Probeer de instelling [Gebal. Nadruk], die een goede balans biedt tussen de instellingen van de bestaande [AF] en [Ontspannen]. Deze functie is handig voor het vasthouden van een nauwkeurige scherpstelling terwijl u een cruciaal moment opneemt bij het opnemen van een bewegend voorwerp.
[AF]
De sluiter kan niet worden ontspannen voordat het onderwerp is scherpgesteld. Gebruik deze instelling om prioriteit te geven aan de scherpstelling boven de snelheid van ononderbroken opnemen.
(De snelheid van ononderbroken opnemen kan lager worden en/of het opname-interval kan onregelmatig worden, afhankelijk van de scène.)
[Ontspannen]
Deze instelling maak het mogelijk om op elk moment op te nemen, maar met het risico dat meerdere onscherpe beelden worden opgenomen. Dit is handig om de snelheid van ononderbroken opnemen te handhaven.
[Gebal. Nadruk]
Het onderwerp is vaker scherpgesteld dan bij gebruik van [Ontspannen]. De snelheid van ononderbroken opnemen zal iets lager zijn dan bij gebruik van [Ontspannen]. Aangezien de camera de opnamemethode bepaalt vlak voor de sluitertijd, wordt deze instelling aanbevolen voor het opnemen van bewegende onderwerpen. Gebruik [Ontspannen] wanneer de sluitertijd een hogere prioriteit heeft.
Vergelijking tussen [Gebal. Nadruk] en [Ontspannen]
Het voordeel van [Ontspannen] is dat het interval van ononderbroken opnemen gehandhaafd blijft, zelfs wanneer het onderwerp veel beweegt. Dit is handig bij het opnemen van een reeks ononderbroken beelden of bij het maken van een film.
Neem als voorbeeld het fotograferen van een voetbalspeler die tegen een bal trapt. Met [AF] kan het moment van de trap worden gemist, terwijl met [Ontspannen] het moment wel wordt opgenomen, maar alle opnamen onscherp kunnen zijn. [Gebal. Nadruk] zal enkele bruikbare opnamen opleveren.

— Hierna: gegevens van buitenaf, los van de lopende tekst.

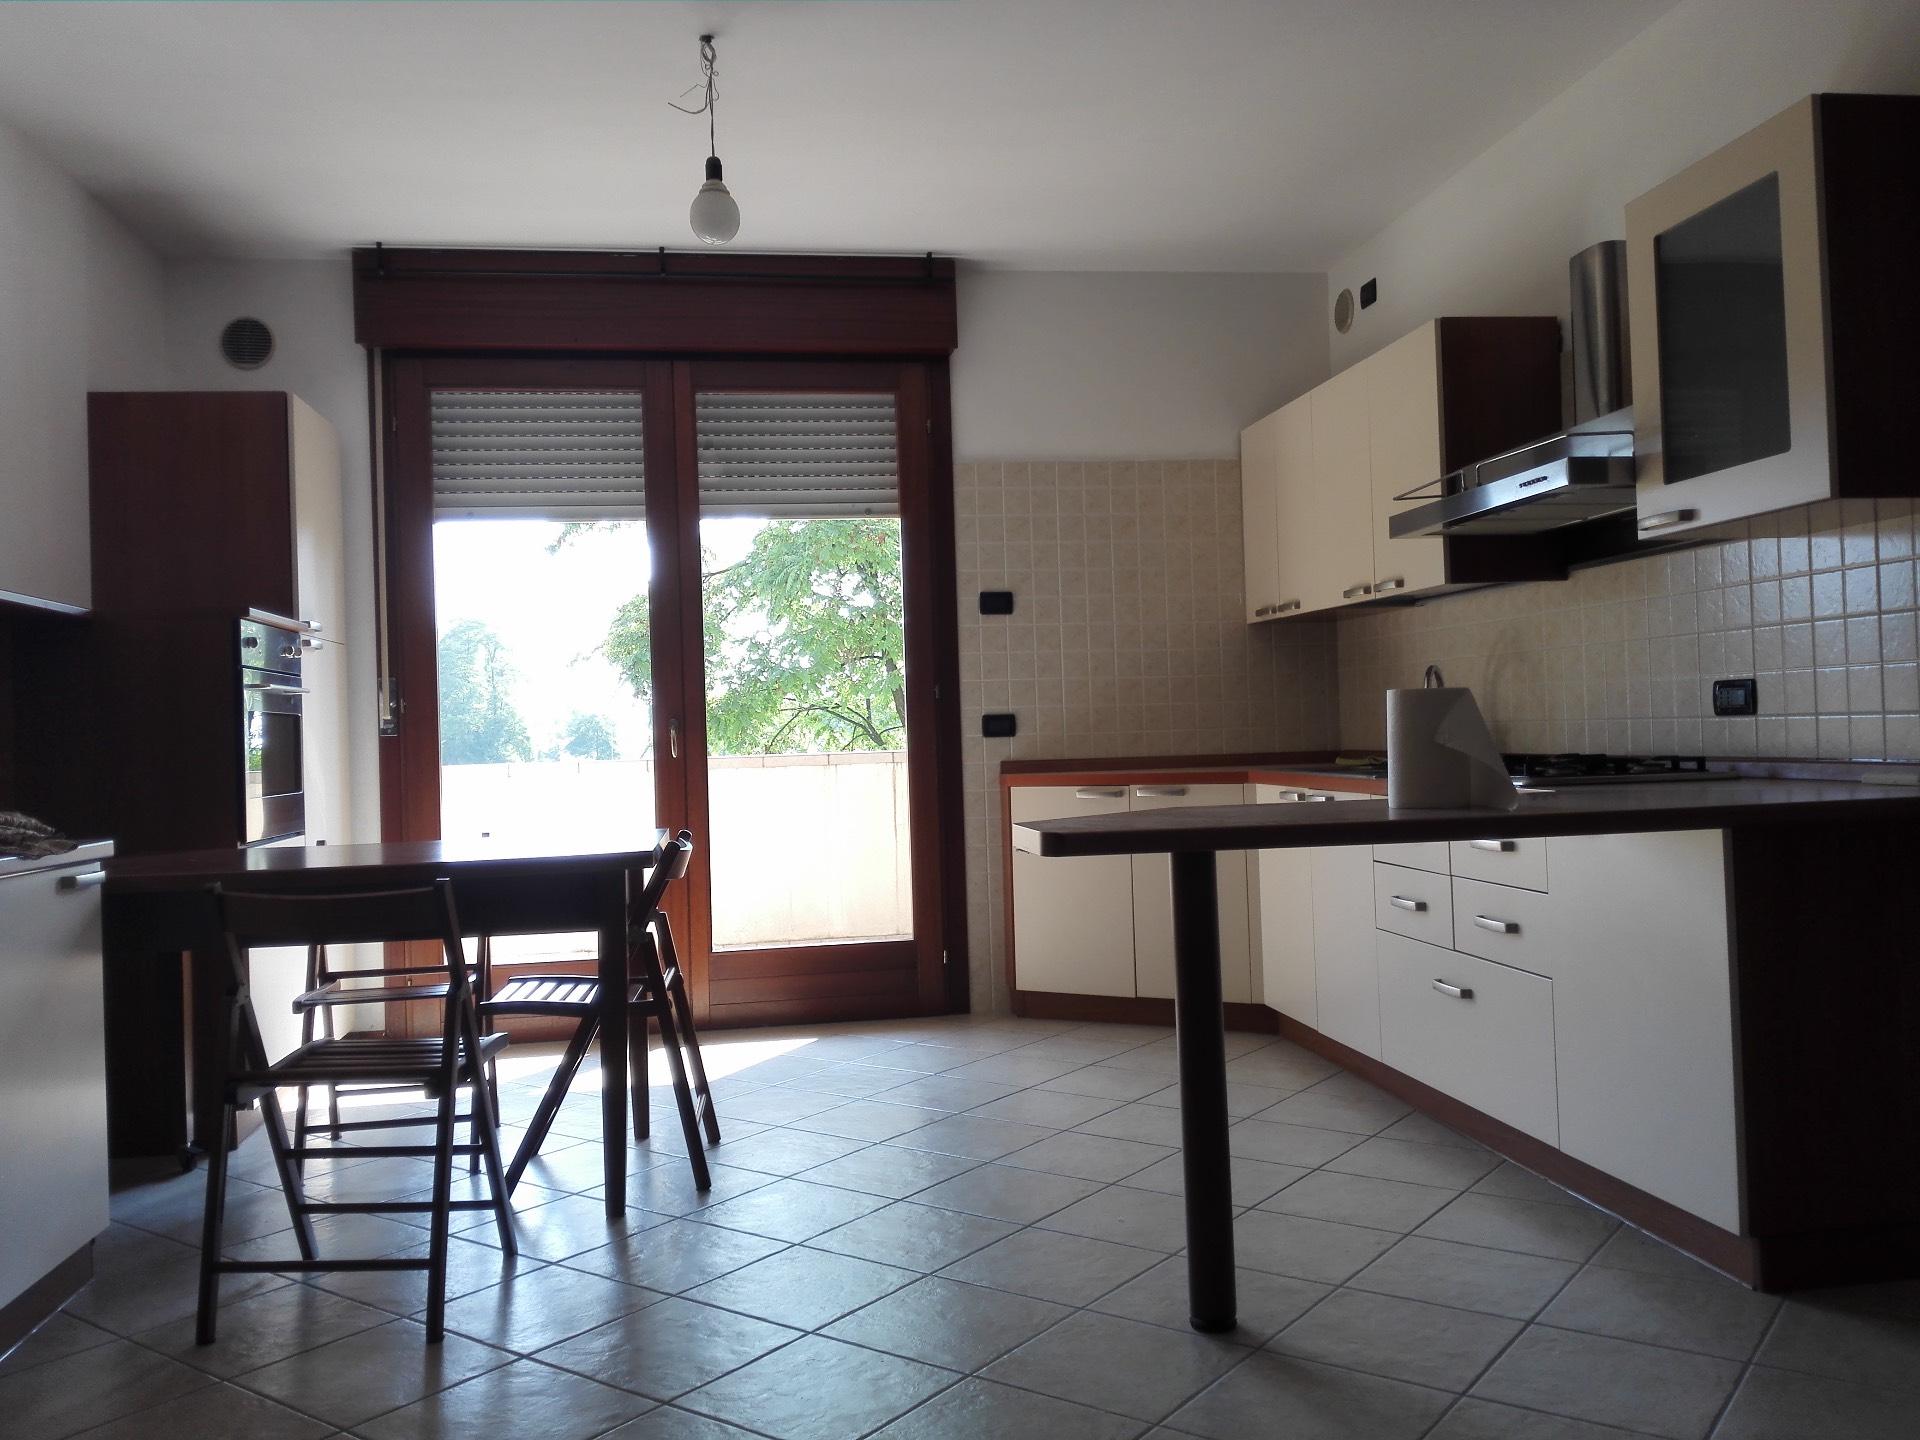 Appartamento in affitto a Santa Lucia di Piave, 5 locali, zona Località: S.aLucia, prezzo € 480 | Cambio Casa.it

Kies of je de positie van het scherpstelkader (AF-punt) en de instellingen van het Scherpstelgebied wilt afstellen op hoe je de camera vasthoudt (horizontaal/verticaal). De automatische instelling is [Uit], maar [Enkel AF-punt] is aan te raden als je de camera regelmatig draait, bijvoorbeeld wanneer het onderwerp dichterbij komt en je de camera verticaal vasthoudt.
[Uit]
[Enkel AF-punt]
[AF-pnt+AF-geb.]
Wanneer u een beeld opneemt in een scène die om stilte vraagt, is het moeilijk om op te nemen met een mechanische sluiter omdat deze sluitergeluid produceert. In een dergelijke situatie is de stille modus erg handig omdat hierin opnemen zonder sluitergeluid of elektronische geluiden mogelijk is. Als [Stille functie] is ingesteld op [Aan], worden [Sluitertype] en [Sluitertype in interv.] vergrendeld op [Elektron. sluiter] en wordt [Audiosignalen] vergrendeld op [Uit].
Bovendien kunt u voor [Instell. doelfunctie] ook instellen of de instellingen van andere functies die geluiden voortbrengen vanuit de camera, wel of niet gelijktijdig moeten worden aangepast wanneer de camera is ingesteld op de stille modus.